Valve train - Setting valve clearances (lash)
A question that has cropped up frequently on the message board lately, and one that I do not ever re-call having been set down in print in any magazines is that of how to decided what the valve clearances should be when changing from the standard rocker gear to higher-lift options. So I thought I would shed some light on this.
The A-series engine/cam/followers were originally designed to use 0.010-in clearance between the cam follower and standard cams to allow for heat expansion of the parts and ensure the valves would close properly. On sportier and race profile cams this went up to 0.012-in to cater for the higher running temperatures and far higher rpm capability/use. Because we set the clearance at the valve, we need to allow for the rocker ratio. To do this a little simple maths is involved; taking the standard 0.010" cam to follower clearance we need to multiply this by the standard rocker ratio originally quoted as 1.25-1, although in actual installation this is more like 1.22-1. So, 0.010-in x rocker ratio 1.25 gives 0.0125" at the valve. As a concession to the slightly reduced installed ratio of 1.22-1, the standard valve clearance setting is quoted as 0.012-in. For the sportier/race cams this is then 0.012-in x 1.25 - so 0.015-in at the valve – the valve clearance quoted in Special Tuning manuals for the various cams of the time (731, 649, Sprint and Super Sprint).
Where higher ratio rockers are to be used, the required valve clearance can then be assessed using this simple formula. For instance when using 1.5 rockers, you obviously need to multiply the cam/follower clearance by 1.5. So 0.010-in x 1.5 gives 0.015-in for standard/mild cams and 0.012-in x 1.5 gives 0.018-in for race/more-modified cams. Interestingly, most re-profiled performance cams generally have a suggested valve clearance of 0.016-in with standard ratio rockers. To assess required valve clearance where higher ratio rockers are used simply work it backwards and multiply by the higher ratio. This works out as 0.016-in divided by 1.25 = 0.0128, then x 1.5 = 0.0192" - or 0.019" at the valve. However, these are only basic starting points; but at least somewhere to start. Another interesting illustration of what trying different valve clearances will achieve is that demonstrated by the MG Metro engine. With valve clearances set, as you would normally expect for a standard engine at 0.012-in, the engine idles very roughly. Shortly after release, Rover released a technical up-date stating the valve clearances should be set at 0.014-in on the inlets and 0.017-in on the exhausts. Instantly the engine idles much smoother and pulls better from lower down. There was even a slight bhp gain! A similar method can be applied to most cams that have different inlet and exhaust (dual pattern) profiles, i.e. having a slightly bigger clearance on the exhaust valves, or conversely slightly tighter on the inlet valves. However, as a basic initial set-up recommendation, depending on your cam spec, I suggest that where 1.5 ratio rockers are used set valve clearances on both inlet and exhaust to 0.015-in for std/mild road cams (say up to MD266 spec) or 0.018-in for sportier/race cams.

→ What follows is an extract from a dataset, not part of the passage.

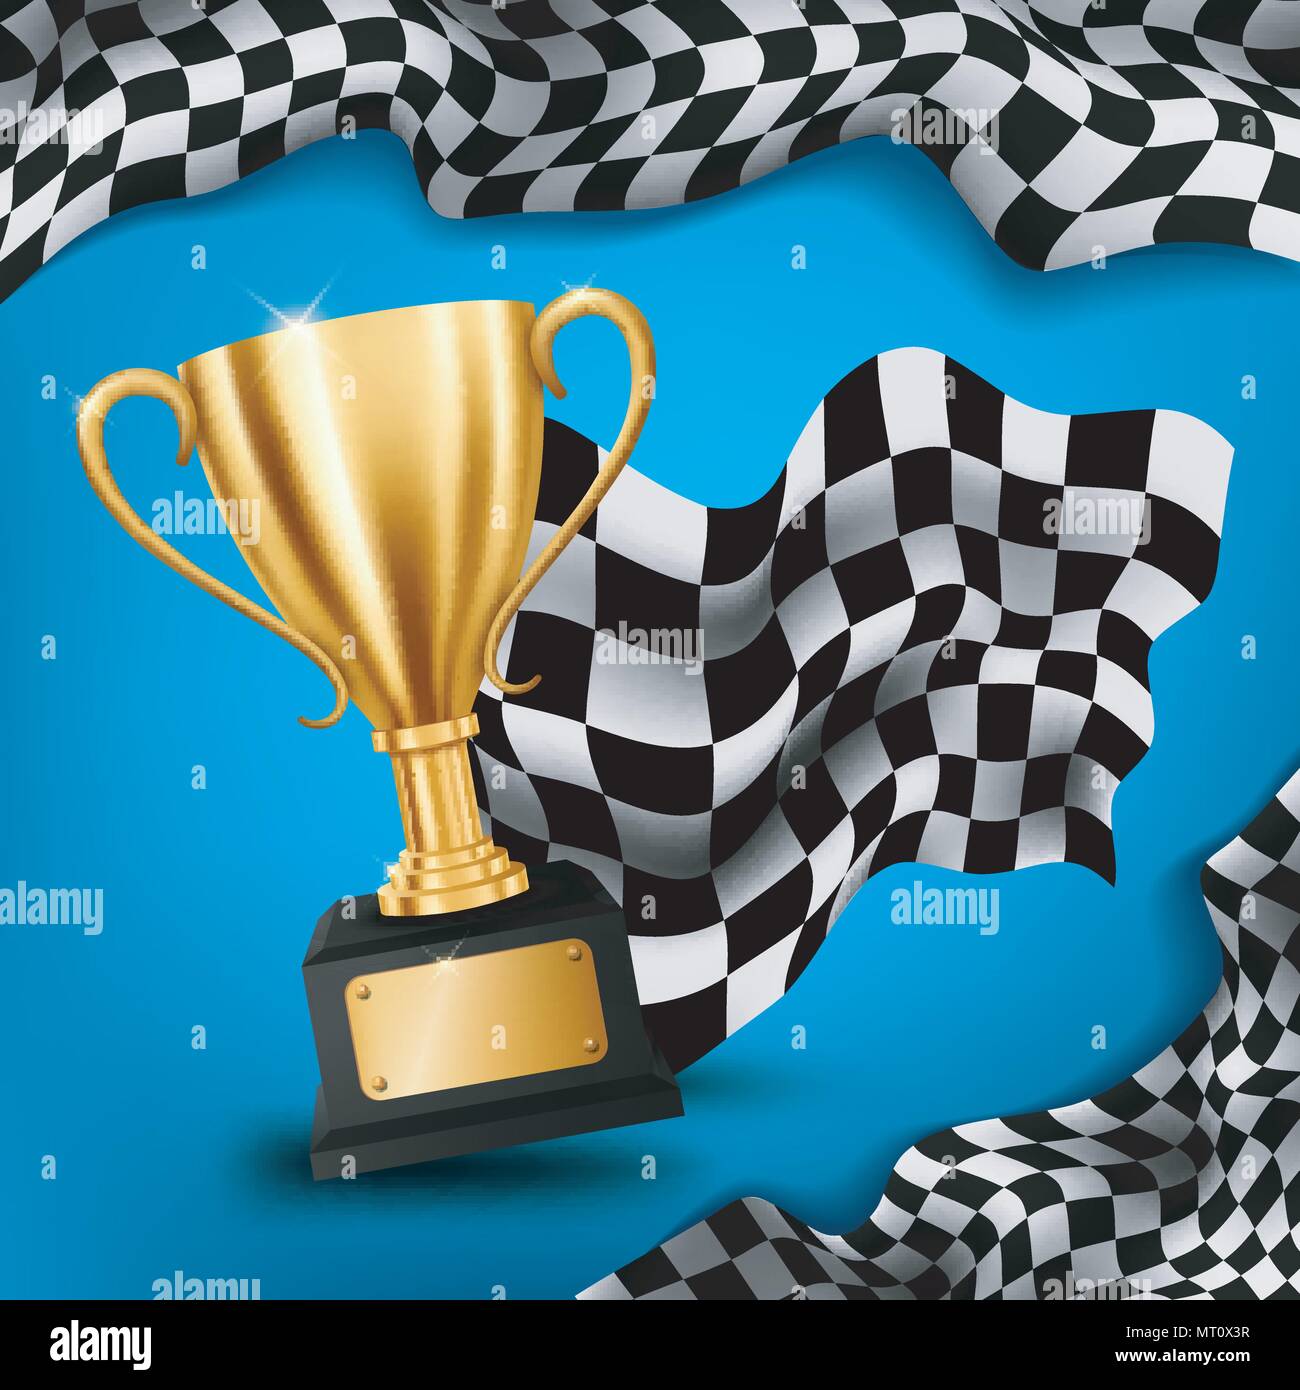 Realistic Golden Trophy with Checkered flag racing championship background, Vector Illustration Stock Vector

One other point to note is where rockers with roller tips are used, DO NOT push the feeler blades through from the front as standard. The roller tip acts like a panel roller and will draw the blade through irrespective of gap size – even if there isn’t one. The feeler blade must be wiped sideways from one side to the other.
Setting the valve clearances consistently and accurately can be very frustrating, mainly caused by the tools used. It is imperative you use a screwdriver blade that fits snugly in the adjuster screw slot. The baggier the fit, the more difficult it is to hold the adjuster screw in place when nipping the locknut up. Bearing in mind we are try to set clearances to one thousandth of an inch, it is well worth investing in a tool to specifically do this job. The problem is that most screwdrivers have a tapered blade causing not the best of fits. To this end I use a socket-mounted screwdriver tip. Mine is from Snap-On Tools (part number F52E). I’ve had it/used it for some 20 years and is absolutely perfect for the job. You can either use a 3/8-in drive extension and ‘T’-bar or a 3/8-in drive screwdriver handle with it.